In early stages of closing dysfunctions, symptoms present as aches and pains. This presentation is due to the musculoskeletal tissues being more affected than the neural tissue. As severity increases, neurological symptoms such as pins and needles, tingling, and burning are more likely to occur. The severest end of the spectrum includes numbness and weakness; indicating further compromise to the neurovascular structures.
Interface dysfunctions behave with changes in posture and movement. Oftentimes cardinal signs of inflammation can be present, along with night pain/morning stiffness. Typically you will see a painful arc throughout movement.
During the physical exam, patients will show an inability to move in opening or closing directions. You can also find altered pain production, soft tissue thickening, or hypermobility/instability. Neurological changes will usually be present only in severe interface dysfunction.
There are four basic types of interface dysfunctions
1) Reduced closing
2) Excessive closing
3) Reduced opening
4) Excessive opening
In reduced closing dysfunction, closing movements such as squeezing or cervical extension provoke symptoms. Assessment may show a protective deformity developing in the opening direction so pressure is reduced on the nervous system. Symptoms will often not be reproduced unless neurodynamic testing is combined with interface testing.
Excessive closing is when, well, interfaces are closing too much. An example of this dysfunction is excessive lumbar lordosis present with low back pain that increases with standing, walking, and running. A patient’s history will often show habitual use of the body or postural imperfection. There may also be localized tenderness and increased tone at dysfunctional segments. Neurodynamic tests are often okay because there is usually only transient mechanical irritation.
In reduced opening dysfunctions, there are local aches and pains with potential for referred pain. Opening movements provoke symptoms and are restricted. There is often an associated trauma that occurred in which the patient has been forced into an opening position. The patient can present with an ipsilateral listing deformity in order to reduce tension in involved neural tissues. Palpatory exam may show local tenderness, muscle tightness, and local thickening. Neurodynamic tests will often be more sensitive than other dysfunctions.

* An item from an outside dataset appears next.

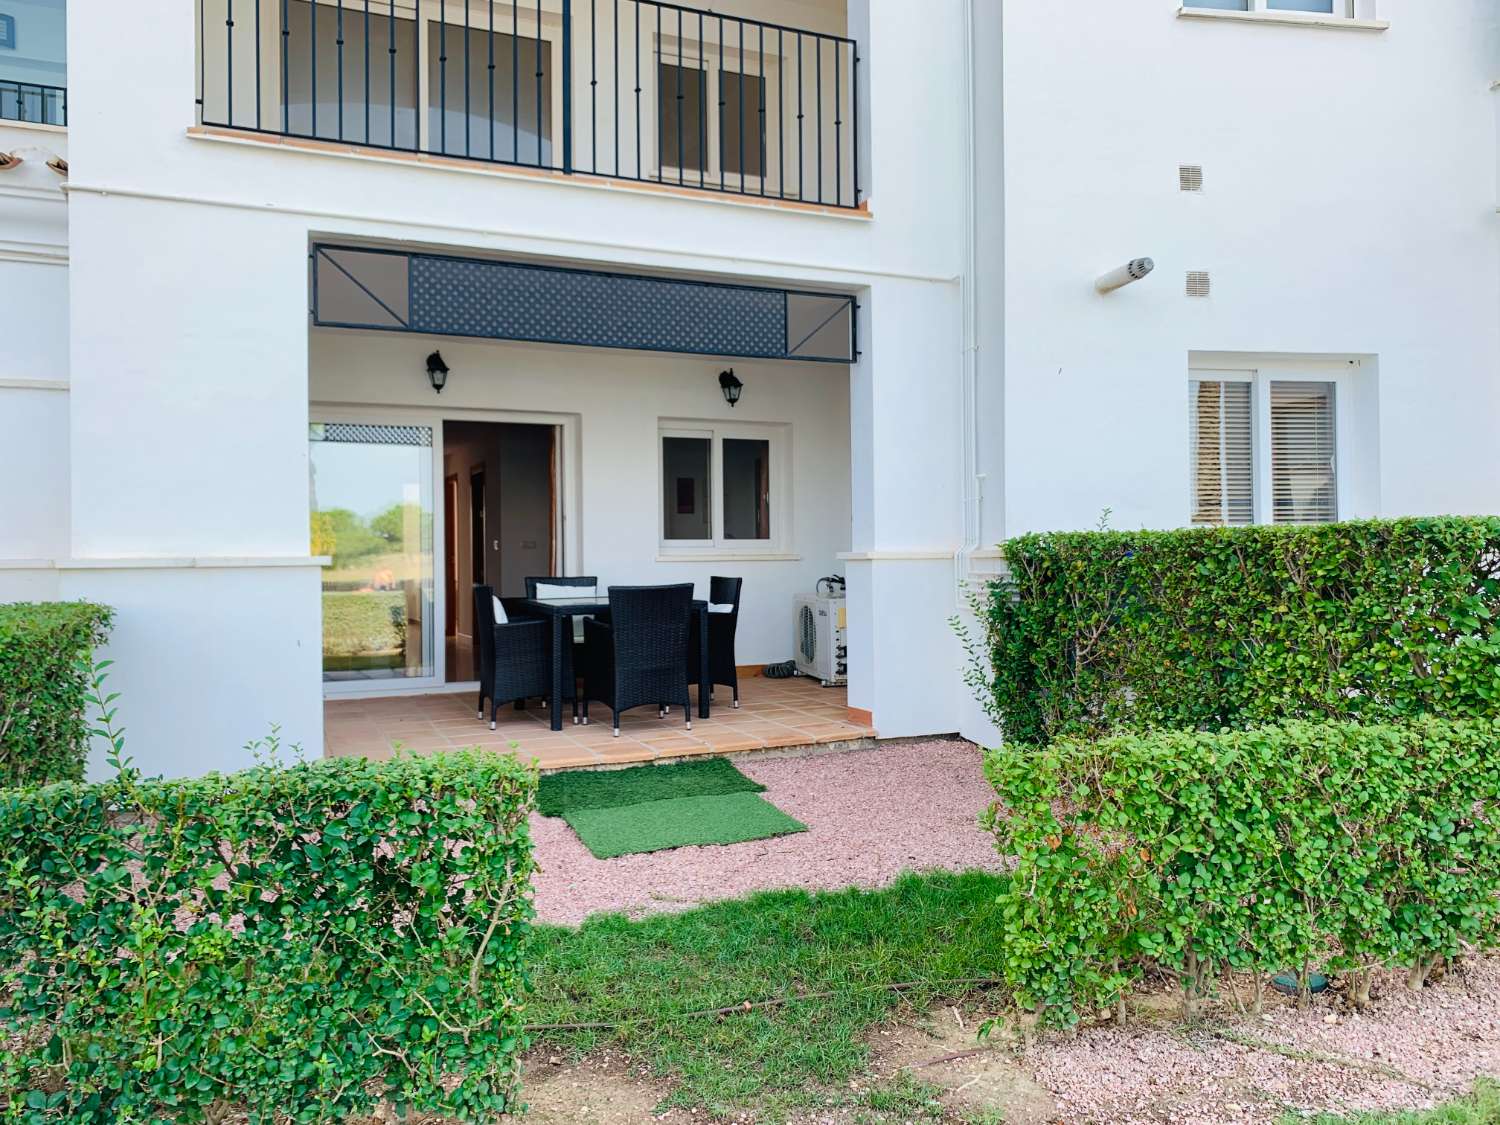 Alquiler de apartamento en Planta Baja para larga temporada en Hacienda Riquelme Golf Resort

Excessive opening presents with aches in pains both locally and often referred. Opening movement provoke symptoms due to increased tension in both musculoskeletal and neural tissues. There are often signs of hypermobility and excessive postures present along with these complaints. The patient may complain of abnormal response to touch, pins and needles, and numbness can occur with this dysfunction. Symptoms occur intermittently with a subtle neurodynamic component.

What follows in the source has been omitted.